Kelly Rodriques: (40:46)
Well, Deutsche Börse invested heavily [crosstalk 00:40:50].

Matt Brown: (40:49)
All powered by blockchain. When is that convergence going to happen? Milind, that's actually a real question. When are you going to see a private investment fund, alternative investment funds offered on a stock exchange?

Milind Mehere: (41:04)
Yeah. I think if I were placing bets, I would be more favorable of what Kelly was saying, which is, do you really need to offer them even on private exchanges? Right? We are launching one of the most prominent secondary VC funds on our platform later this month. And frankly speaking, do you really need to go public? And can you just [inaudible 00:41:26] whether it's on Yieldstreet, whether it's on Forge, whether it's on Carta, you could actually have a very active trading market. So, my answer is that I don't know whether you would want them to be on public exchanges.

Matt Brown: (41:42)
So, all three of you have general competitors. We all have competitors. I have competitors. I think we all probably agree that total addressable market is massive, so it's less about competition and more about market share for ourselves. But let's talk winners and losers for a second. So, maybe Kelly, you're shaking your head, what are the companies that you think, and of course you're going to put Forge in that category-

Kelly Rodriques: (42:06)
Top of the list.

Matt Brown: (42:06)
... top of the list of winners, but what are the losers ultimately not doing today that... What are they not seeing that you see?

Kelly Rodriques: (42:14)
I think the one thing that jumps out is anybody that thinks they're going to disrupt everyone in the ecosystem and own it all will be a loser. I think you have to be able to integrate, collaborate, and allow participation by the constituents who are interested in your market. And any attempt to build a sort of walled gardens structure where you try and own everything, I think, is a losing proposition.

Matt Brown: (42:46)
Yeah. We see that all the time. Milind?

Milind Mehere: (42:49)
I think for me it's distribution pipes and how can you efficiently build distribution pipes is very important. And how do you make accessibility much more favorable to the consumer and not to to the street? And I think those companies that really embrace that, which is put the consumer first design a product that's right for them, and have the right pipes into those consumers are ultimately going to be winners.
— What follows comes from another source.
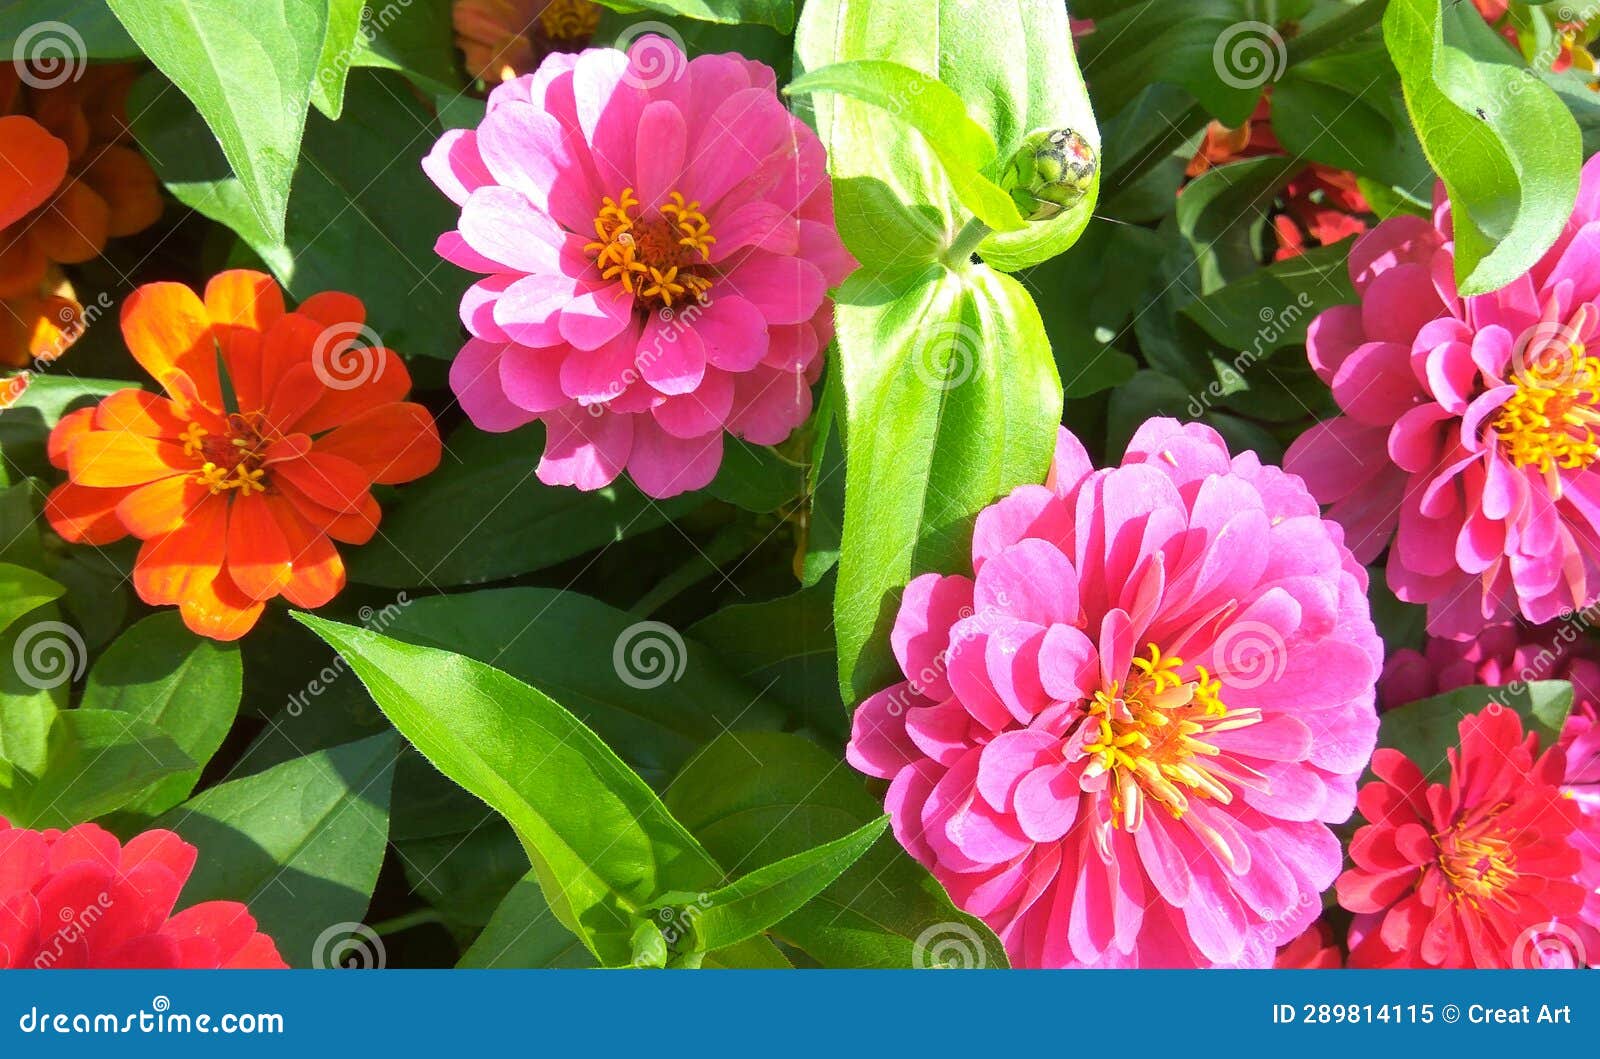 beutiful-pink-flowers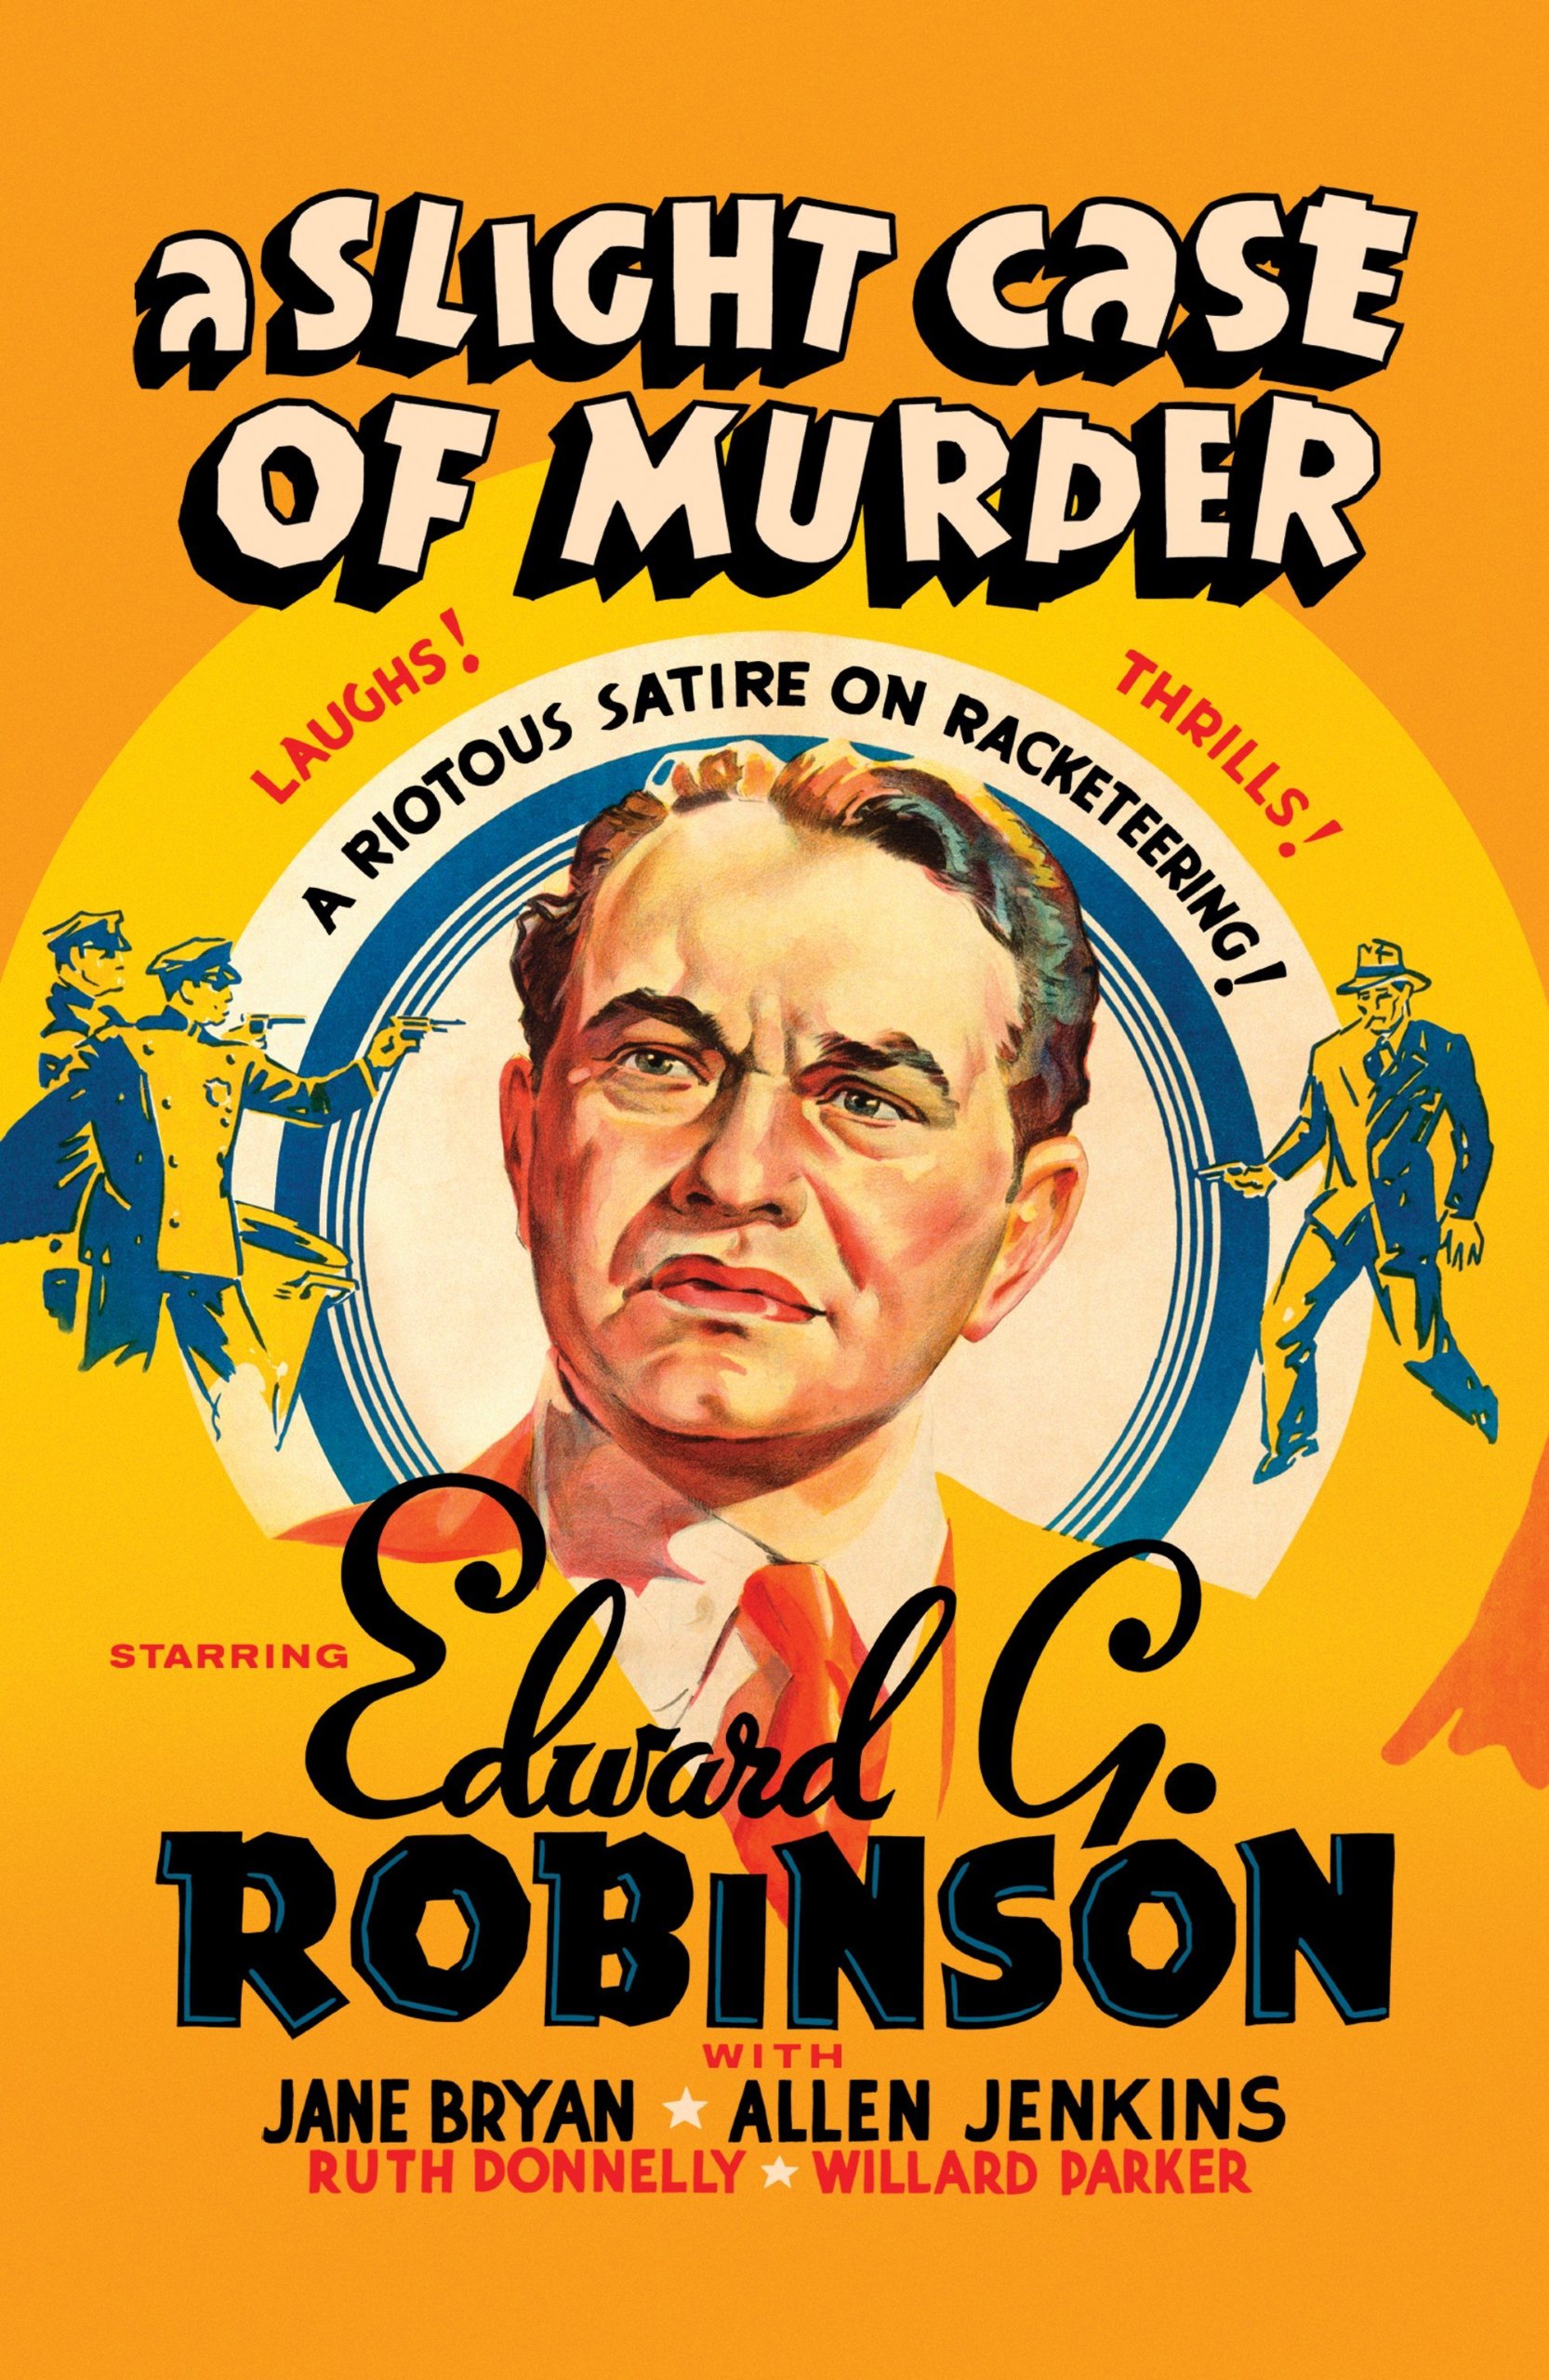 A Slight Case of Murder (1938) starring Edward G. Robinson, Jane Bryan, Edward Brophy, Ruth Donnelly, Bobby Jordan, Allen Jenkins

And those that don't embrace that change whether what's embedded finance and defi is doing, what has happening with consumer behavior, and they still think that they could control those pipes to the consumers may not do well.

Matt Brown: (43:29)
Asiff, many blockchain companies or many companies at least put that label on themselves, whether that's totally true or not.

Asiff Hirji: (43:35)
Yeah. I think the business models that are in trouble, anything that's escrow based, if your business model is, "I provide escrow services-

Matt Brown: (43:43)
Escrow based?

Asiff Hirji: (43:44)
Yeah. If your business model is, "I provide escrow services, you park capital with me, I charge you for that to do something," that model's [crosstalk 00:43:50].

Matt Brown: (43:50)
So, Schwab, Fidelity, and [crosstalk 00:43:52].

Asiff Hirji: (43:52)
No. I wouldn't put [inaudible 00:43:53] title insurers.

Matt Brown: (43:54)
Title insurance. Okay.

Asiff Hirji: (43:55)
Or an escrow agent where if I'm buying a house, I need to deposit funds at an escrow agent because they won't release them until the title appears and everything else. Those models are all dead because, again, we're going to bilateral real-time settlement, and so that model displaces the escrow based business models. I think that's one thing. And Kelly alluded to that, too, in the settlement arena. I think the second arena is there are a lot of fund managers who, frankly, are simply, they're closet indexers. Right? And the performance will come through that. And if you're a closet indexer, you have a short life in this new world because people are going to see through that and they'll get the alpha cheaper somewhere else. Right? So, I think those are the two trends that I would look for.

Matt Brown: (44:42)
Right. Believe it or not, we are out of time, but I want to ask each of you one question. You're all leaders in business, you've mentored people, you manage people, you're growing firms, so my lightning round final question, what's one life lesson you wish you knew a lot earlier in life? We can have an entire new session just on that question, if you'd like.

Asiff Hirji: (45:08)
Who do you want to go first?

Matt Brown: (45:10)
Milind?

Milind Mehere: (45:11)
All right. So, I think for me, take bigger risks, massive risks earlier in your career. That's the only time, or that's one of the most favorable times to do that. And if I knew that-

Matt Brown: (45:22)
I'm sorry, knew what?

Milind Mehere: (45:26)
Take bigger risks.

Matt Brown: (45:27)
Oh, take risks. Yeah.

Milind Mehere: (45:27)
Yeah. And I think all of us are super conservative and most of us are... Looking at my background, you would not think that I'm a conservative. I've taken a bunch of risks, but I think that's one lesson just... I came to this country as an immigrant student. Right? And so, you kind of follow that corporate route, and I did that for a few years. And I think today with access to data and technology, I think if I knew that earlier or in my 20s, I think it would be amazing.

Matt Brown: (45:55)
Kelly?

Kelly Rodriques: (45:57)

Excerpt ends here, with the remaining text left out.